At first, he was reluctant to talk about his deteriorating mental health, instead burying these feelings until he finally decided to open up to someone. He ended the anecdote with some advice: To get through mental health struggles, we need to understand why we feel what we feel before we can work through those emotions.
“You’re not alone, and it’s okay. It’s about what you do next.”
And then there’s the aforementioned (decidedly more light-hearted) Taylor Swift story, which he joked that even talking about made him cringe. It was 2013, and Prince William was at a fundraising event where Jon Bon Jovi was performing his hit song, “Living On A Prayer.” Suddenly, Swift, who was sitting next to him in the audience, proposed that they join the singer onstage.

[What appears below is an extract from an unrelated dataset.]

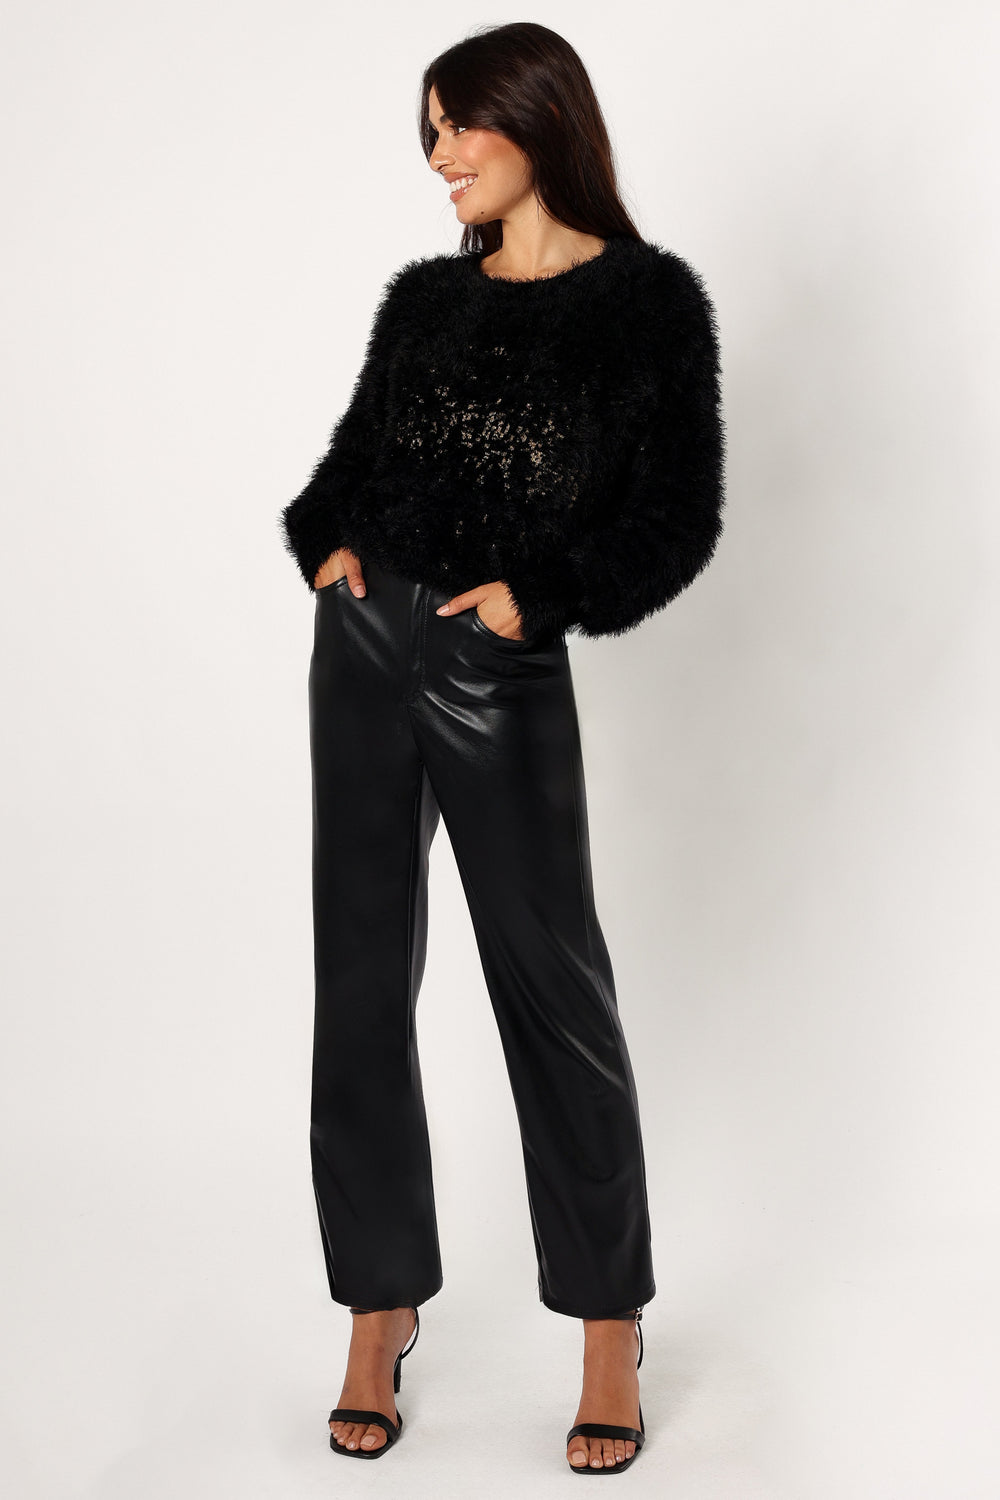 Sabrina Knit Sweater - Black - Petal & Pup USA

“To this day, I still do not know what came over me,” he said. “Frankly, if Taylor Swift looks you in the eye, touches your arm, and says, ‘Come with me…’ I got up like a puppy and went, ‘Yeah, okay, that seems like a great idea. I’ll follow you.”
To the world, it was an adorable moment. To Prince William? A sweaty, stage-fright-inducing nightmare in which he recalled “desperately” trying to remember the words.

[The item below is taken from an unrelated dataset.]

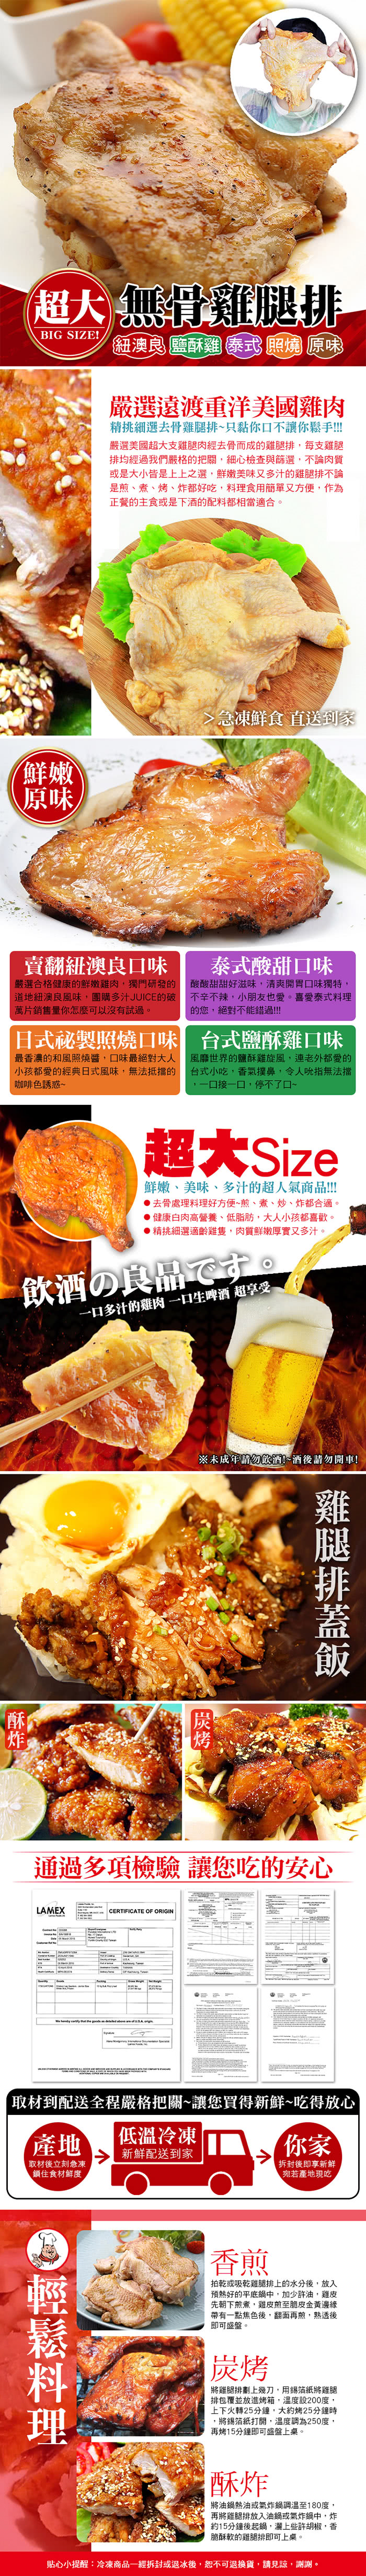 【賀鮮生】五口味超大無骨雞腿排8片(230g/片)

“At times, when you’re taken out of your comfort zone, you’ve got to roll with it…It’s okay not to take yourself too seriously.”
Later on in his walk, Prince William reflected on some meaningful moments with his late mother, Princess Diana. He explained how she taught him about the importance of learning about different life experiences – especially those outside the palace walls. When she took him to visit a homeless shelter as a child, he said that hearing the stories of those at the shelter was crucial in opening him up to new perspectives.
“We live in these little echo chambers where you’re only subjected to what you want to be subjected to,” he said. “I think listening is one of our greatest tools, one of our greatest assets to understand each other.”
I was also given a glimpse into a side of Prince William I hadn’t known before: his music taste. He shared three songs that were special to him: Shakira’s “Waka Waka,” a tune that immediately sends his children George, Charlotte and Louis into a fully-fledged dance party; “Thunderstruck” by AC/DC, which he calls “the best tonic for a Monday morning”; and “The Best” by Tina Turner, which reminds him of Princess Diana, as his mom would play the tune to cheer up him and his brother, Prince Harry, when they were bummed about returning to boarding school as children. He fondly recalled sitting in the backseat of a car while everyone sang along to the song – sometimes even the royally-appointed police officer.
“It felt like a real family moment. And my mother, she’d be driving along, singing at the top of her voice,” he remembered. “When I listen to it now, it takes me back to those car rides.”
At the end of the episode, he said he felt as though he had been on a walk with someone close to him, like his best friend or his wife. And that makes sense: the narration is funny, at times deep and ultimately uplifting. It’s an accessible Prince William that we seldom get to see.